◆ WORK TASK
Apart from the pictures, return every line of the listing exactly.

◆ INPUT DATA
::::::::::

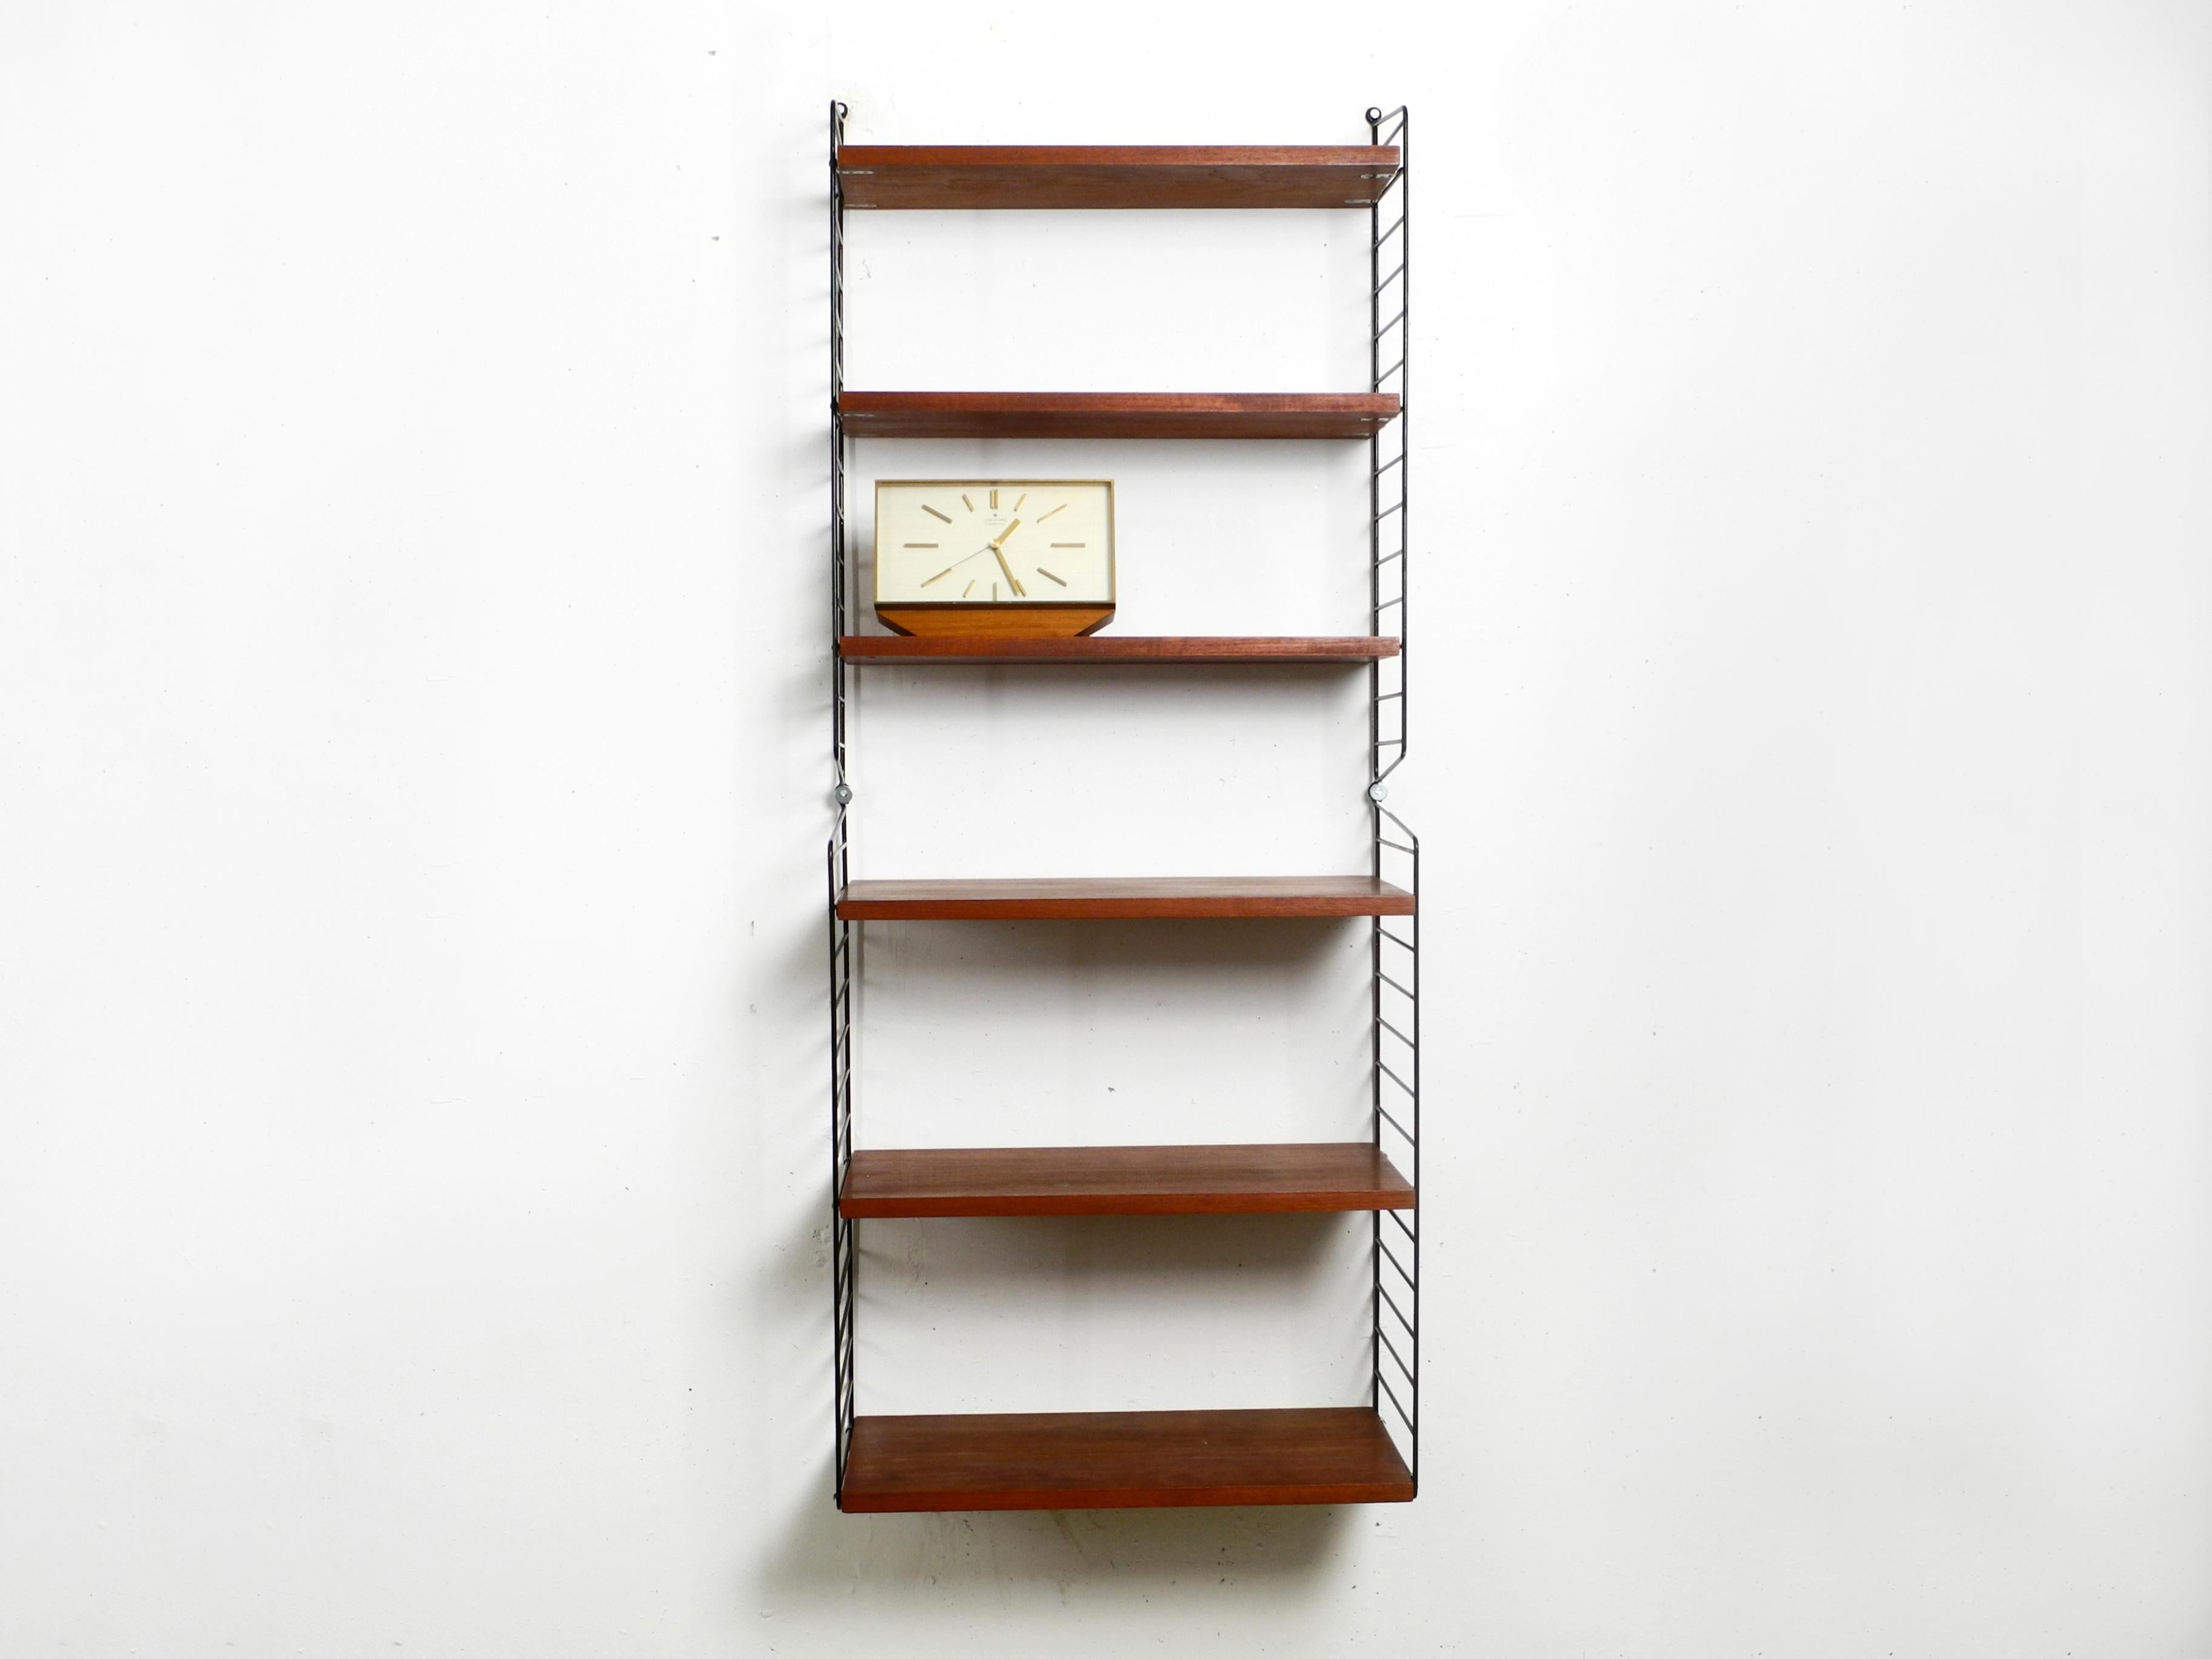 Original narrow 1960s Nisse Strinning shelf. This string shelf has dark teak shelves with 20cm and 30cm depth. Made in Sweden. 
Two ladders and 3 boards have a depth of 20 cm, two ladders and three boards have a depth of 30 cm.
All shelves are 58 cm

::::::::::

◆ EXERCISE RESULT
 Original narrow 1960s Nisse Strinning shelf. This string shelf has dark teak shelves with 20cm and 30cm depth. Made in Sweden. 
Two ladders and 3 boards have a depth of 20 cm, two ladders and three boards have a depth of 30 cm.
All shelves are 58 cm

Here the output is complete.